DOCUMENT FRANCEINFO. Bachar Al-Assad : "Nous sommes prêts à tout négocier" à Astana fin janvier

Le président syrien Bachar Al-Assad, ici en février 2016, s\'est exprimé auprès de trois médias français dont franceinfo, sur le futur de la Syrie lors de la conférence de paix prévue à Astana, fin janvier. 
Le président syrien Bachar Al-Assad, ici en février 2016, s'est exprimé auprès de trois médias français dont franceinfo, sur le futur de la Syrie lors de la conférence de paix prévue à Astana, fin janvier.  (JOSEPH EID / AFP)

Le président syrien a accordé dimanche une interview à trois médias français, dont franceinfo. Bachar Al-Assad est notamment revenu sur les négociations de paix, fin janvier à Astana au Kazakhstan, et sur son avenir en tant que président.

"Nous sommes prêts à tout négocier", a déclaré le président syrien Bachar Al-Assad dans une interview accordée dimanche 8 janvier à trois médias français, dont franceinfo. Des négociations de paix sont prévues fin janvier à Astana au Kazakhstan. Ces pourparlers visent à mettre fin à la guerre civile en Syrie, qui a fait plus de 310 000 morts depuis mars 2011.

ALICE SERRANO / GILLES GALLINARO / FRANCEINFO

Al-Assad réclame une "vraie opposition" syrienne

Selon Bachar Al-Assad, "le succès" des négociations "dépendra" toutefois de l'opposition syrienne. "Nous sommes prêts à tout négocier : la fin du conflit, le futur de la Syrie... Tout est ouvert. Mais on ne sait pas encore qui représentera l’autre partie", a souligné le président syrien. "Est-ce que ce sera la vraie opposition syrienne ? Quand je dis 'vraie', cela veut dire l'opposition locale, pas l'opposition saoudienne, française, ou britannique… Cela doit être une opposition syrienne pour discuter des problèmes syriens", a martelé Bachar Al-Assad.

Sur son avenir à la tête de la Syrie, le chef de l'État a expliqué que c'était au peuple de décider et non à la réunion d'Astana : "Mon statut est lié à la Constitution. Et elle n'est pas la propriété du gouvernement, ni celle du président, ni celle de l'opposition.

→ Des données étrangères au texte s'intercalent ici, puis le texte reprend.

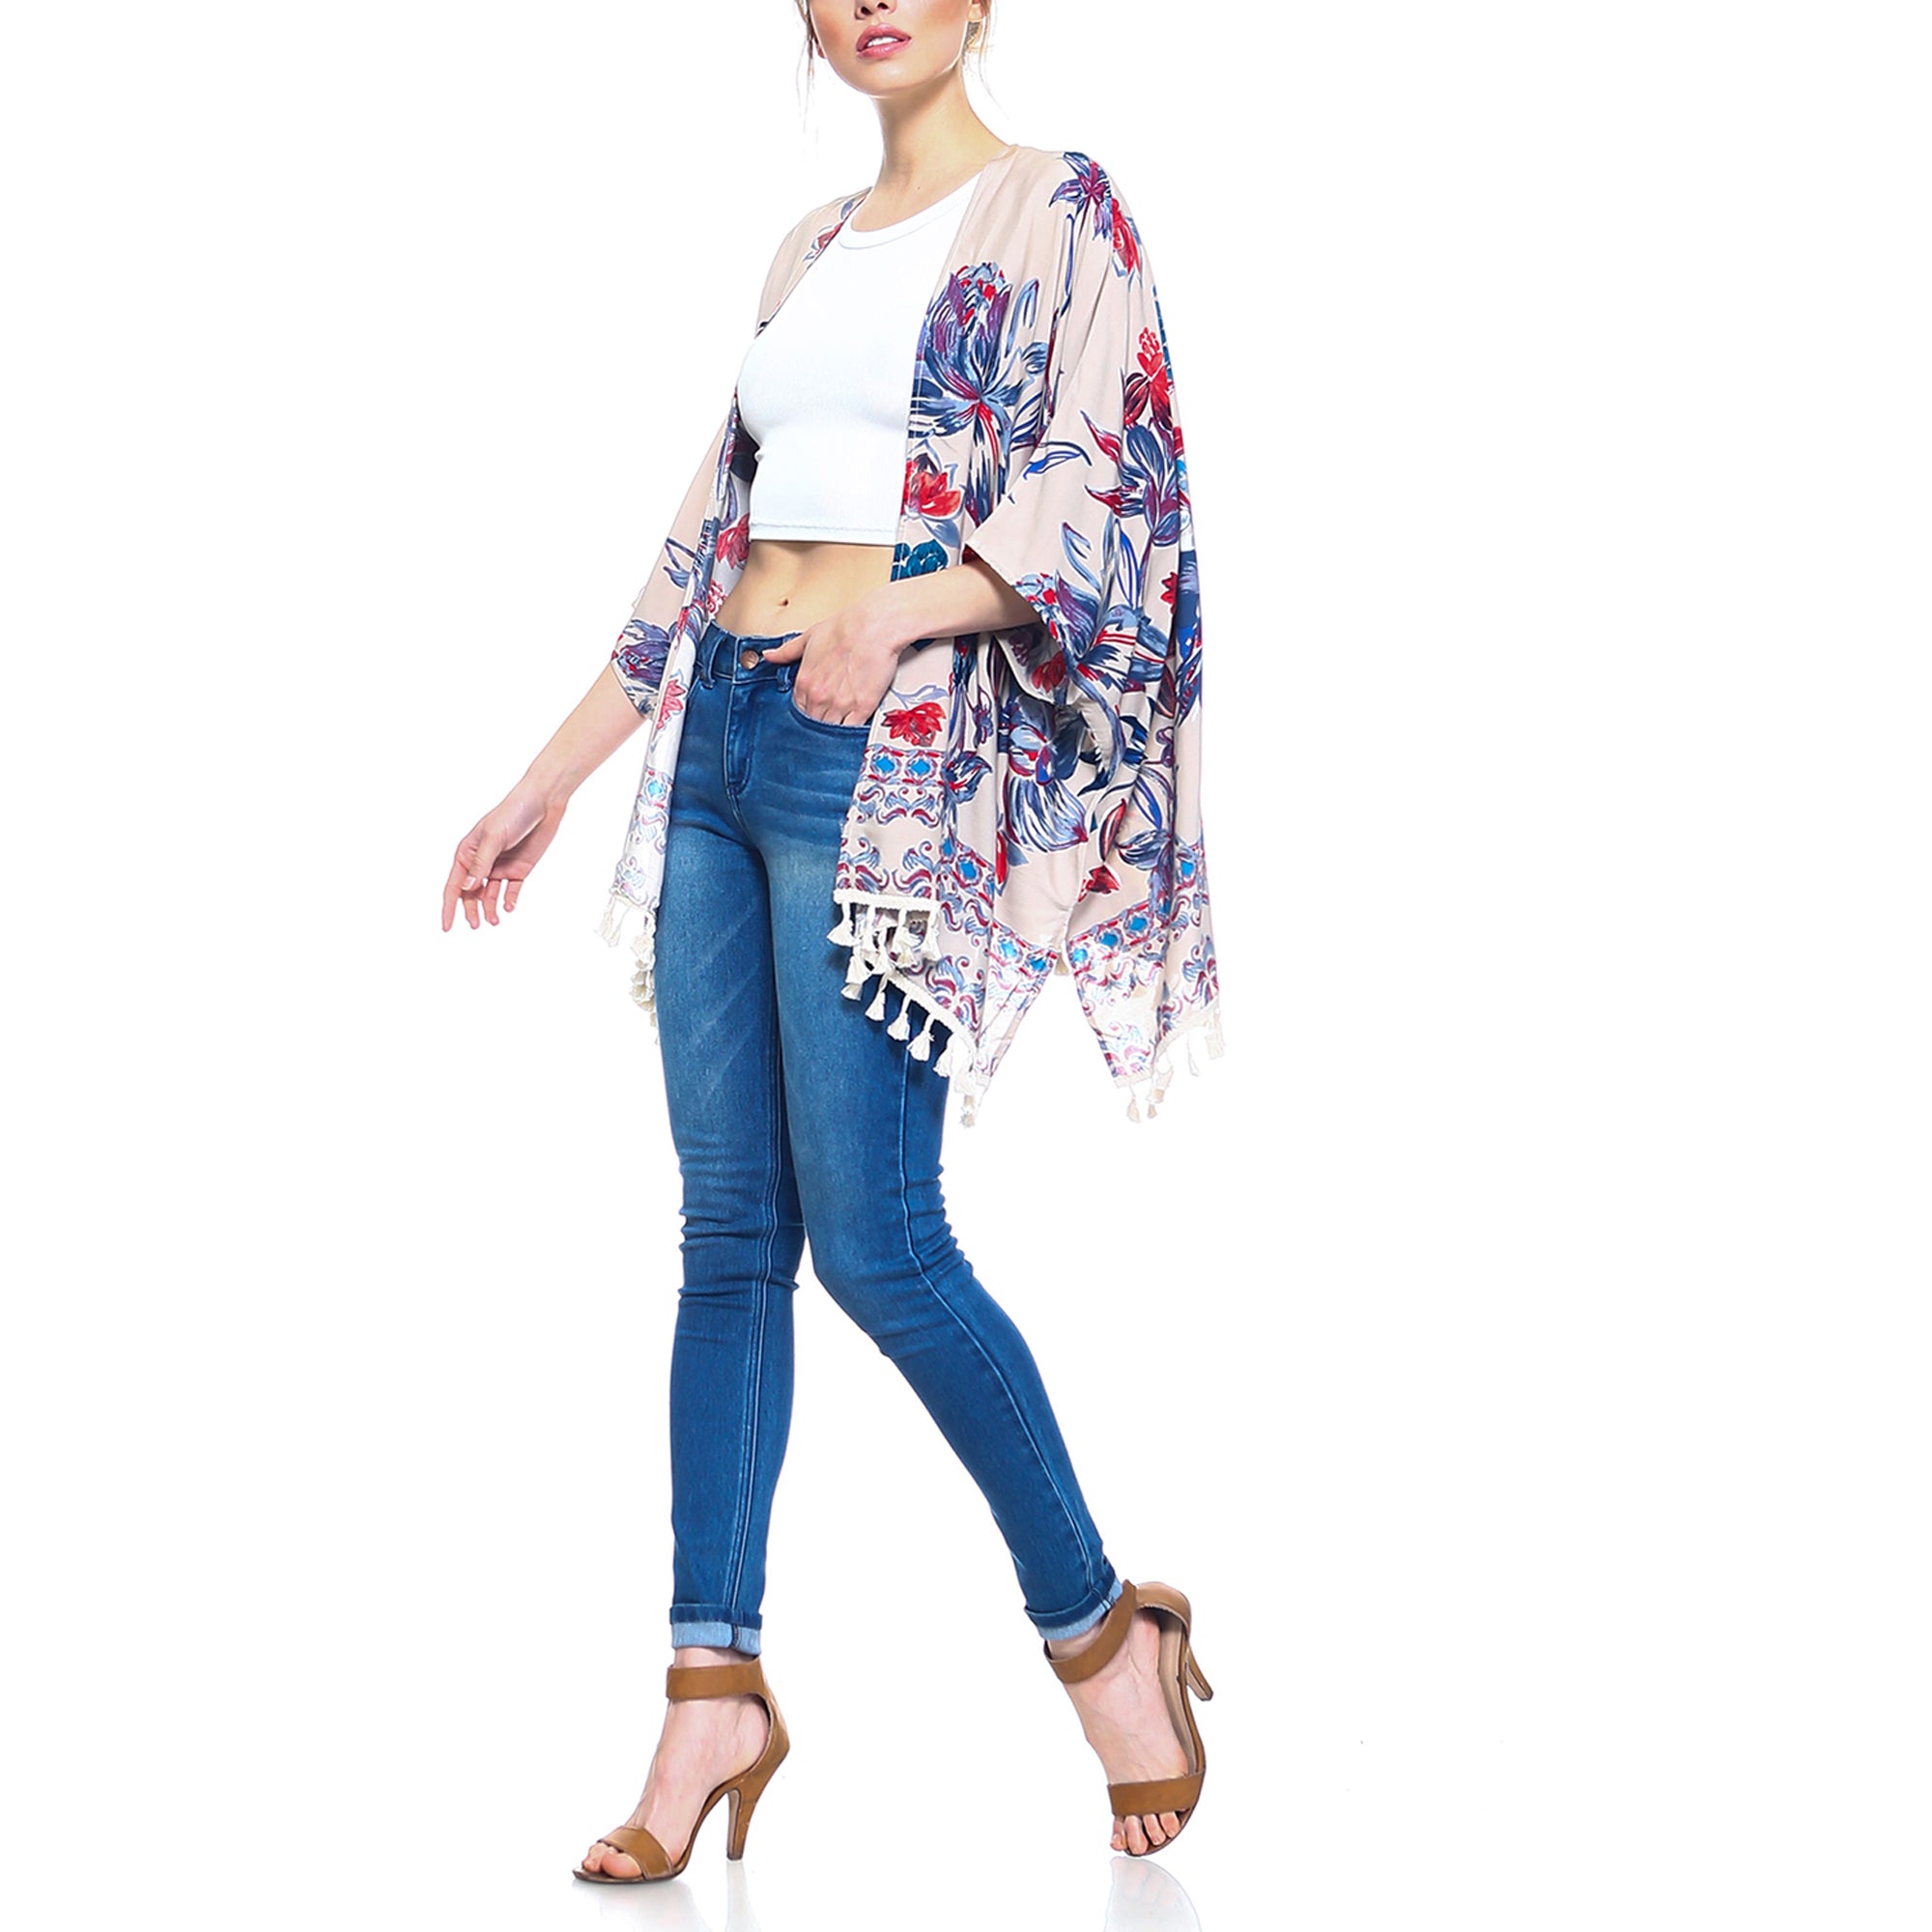 Fashionazzle Women's Casual Fringe Kimono Cardigan Beach Wear Cover-up

Elle appartient au peuple syrien. Donc s'ils veulent changer de Constitution, il faut un référendum", a souligné Bachar Al-Assad.

Quid du cessez-le-feu en Syrie ? 

D'ici là, le président syrien insiste sur le fait que la trêve devra être respectée "par toutes les parties", afin que les pourparlers de paix aboutissent. Un cessez-le-feu a été décrété le 30 décembre dernier en Syrie mais les groupes "Al-Nosra et État islamique en sont exclus", a précisé Bachar Al-Assad. "Un cessez-le-feu viable, c'est quand toutes les parties stoppent le combat et les tirs. Et ce n'est pas le cas dans de nombreuses régions de Syrie." Le régime accuse notamment Al-Nosra de couper le réseau d'approvisionnement en eau potable vers la capitale Damas.

Cette interview de Bachar Al-Assad est la première qu'il accorde à des médias français depuis la reprise totale d'Alep par le régime fin décembre. Le président syrien a également rencontré dimanche trois députés français, dont Thierry Mariani (Les Républicains), Nicolas Dhuicq (LR) et Jean Lassalle (ex-MoDem).